Like older children and adults, babies can have allergies to the foods they eat, the things they touch, and the unseen particles they inhale in the home or outdoors. And when your baby has symptoms of any kind, it can be difficult to figure out what’s wrong because a little one can’t describe those symptoms. Baby allergies are common therefore, there are many specific allergies a baby can have, though they can generally be divided into one of three categories:
- food and medicine
Allergic reactions to food or medications usually happen soon after an item has been consumed. They can be either very mild or life-threatening. Environmental allergies can be things that touch your baby’s skin, such as detergent in clothes, or things that are inhaled, such as dust. Environmental allergies can affect your baby year-round. Seasonal allergies, however, are usually a problem during certain parts of the year or in specific locations. They tend to originate outdoors from trees and other plants that grow in the area. The term “hay fever” is sometimes used to describe these allergies.
When do seasonal allergies be signs of baby allergies?
It’s uncommon for babies to have seasonal allergies in the first year. That said, it’s possible for allergy symptoms to begin at any age.
Kids tend to develop seasonal allergies between the ages of 3 and 5, with most young allergy sufferers noticing symptoms by the time they’re 10. Some kids develop allergies as young as 1 or 2 years old, although usually they’re reacting to indoor allergens like dust, mold or pet dander.
What causes seasonal allergies in babies and toddlers?
Seasonal allergy symptoms usually occur during spring, summer and fall. Depending on where you live, the seasons and specific plants causing allergies vary. Unfortunately, no region of the United States is completely untouched by allergy triggers.

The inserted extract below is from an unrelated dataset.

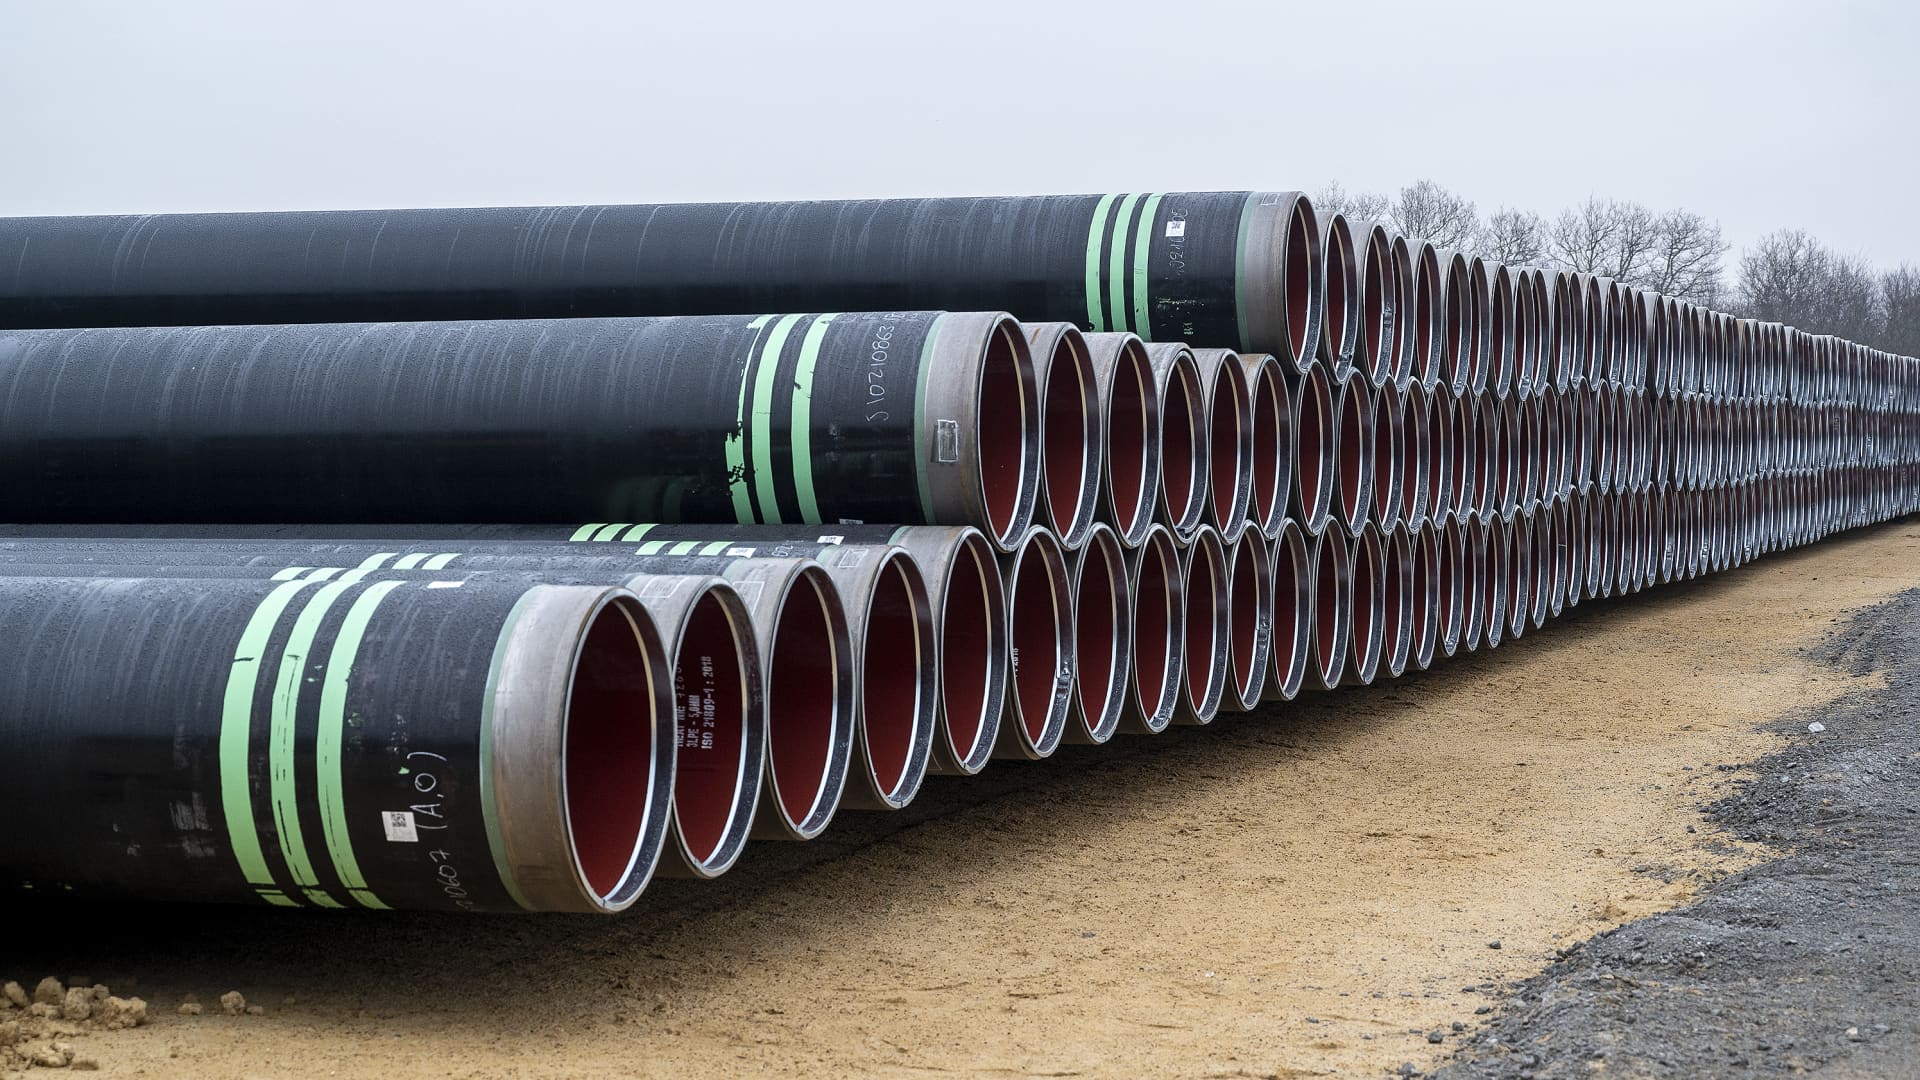 Pipes for the Baltic Pipe gas pipeline are stacked at Houstrup Strand, near Noerre Nebel, Jutland, Denmark, on February 23, 2021. The Baltic Pipe gas pipeline, which is to come ashore at Esbjerg, on the west coast of the Jutland peninsula, will transport ten billion cubic meters of gas every year from the Norwegian gas fields in the North Sea through Denmark and to Poland.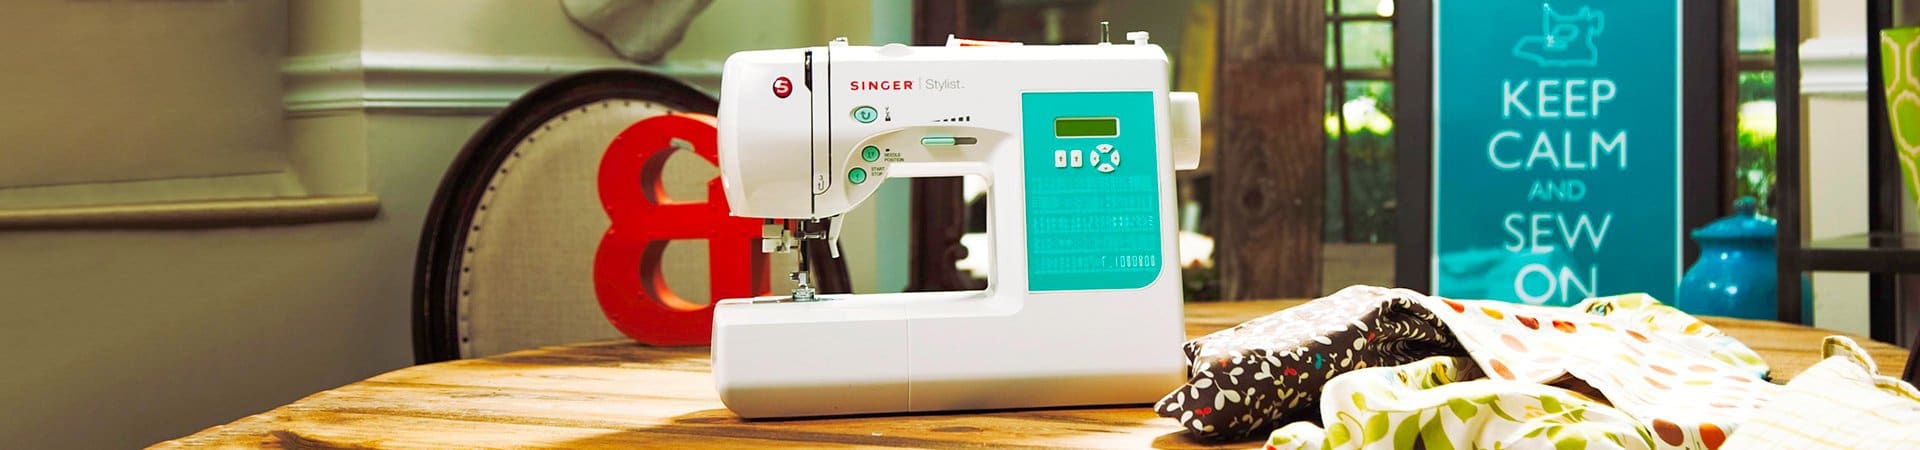 5 Best Sewing Machines For Jeans Reviewed In Detail Oct 2020,Cardamom Seeds For Planting

When your little one inhales one (or more) of the following seasonal allergens, her immune system churns out antibodies that jumpstart the release of a protein called histamine, which causes allergy symptoms:
- Spring allergies (typically March to May or June): Tree pollen. The most common culptrits — cedar, birch, oak, maple and pine — are found in most parts of the U.S. The farther south you live, the earlier the season usually starts.
- Late spring to summer allergies (typically April to June or July): Grass pollen. Grasses, including Bermuda, orchard, brome, rye and Timothy, are more likely to produce symptoms in late spring and early summer in the northern states, but are always problematic in the South, since grasses there pollinate year-round.
- Late summer to fall allergies (typically August to September or October): Weed pollen (usually ragweed but also plantain, nettle, chenopod or sage). Ragweed grows in nearly every climate and is the biggest source of hay fever symptoms.
When to seek help for allergies
If very mild symptoms come and go quickly, take note of what happened and what may have caused it. Did your baby visit a new park or a home with a pet? Did they recently try a new food? Did you switch detergents or start using a new cleaning product in the home? Temporary, mild symptoms don’t require a doctor’s visit, but they are worth remembering for your baby’s next appointment or if you notice those signs again. If symptoms don’t subside within a day or they worsen, however, call your pediatrician’s office and explain what you’ve observed. The same advice holds for a reaction to a new medication. An immediate reaction, even a mild one, should prompt a call to the pediatrician. If signs of anaphylaxis emerge, call your local emergency services and treat it as a medical emergency. Don’t hesitate, as anaphylaxis can be life-threatening.
How to treat allergies in babies
The main treatment for a baby allergy is to eliminate exposure to the allergen. For example, if cat fur is the culprit, then you’ll have to keep your baby away from the neighbor’s kitty. If milk is the problem, you’ll need to adjust your diet if you’re breastfeeding or your baby’s diet accordingly. If you’re nursing, some allergens in your diet may be reaching your baby through breast milk. However, the benefits to your baby’s immune system that come from nursing (at least through the first six months) usually outweigh any indirect exposure to possible allergens. Medications containing antihistamines are among the most common drugs used to treat allergies. Antihistamines help minimize allergic reactions. However, most antihistamines aren’t recommended for children under the age of 2. Check with your doctor before using any medication for a baby’s allergic reaction, and be sure to read the warning labels on any medication. Hydrocortisone cream (Cortizone) may be helpful in treating reactions on your baby’s skin. But again, check with your pediatrician before using a new medication on your baby, even ones that are available over the counter. If anaphylaxis is a risk due to a severe food or insect allergy, then your doctor should prescribe you emergency epinephrine (EpiPen), which can be administered immediately with an injection into the skin. The medication can control symptoms until your baby receives emergency medical care.
Baby allergies can be managed, but you may need to make some adjustments to your daily routine. Food allergies can mean changing the diet for everyone in the home. You’ll also need to be especially alert for symptoms because a baby or anyone with one allergy is more likely to have additional allergies. Work with your pediatrician, an allergist, and anyone who looks after your baby, such as a day care center or babysitter, to help manage your baby’s allergies.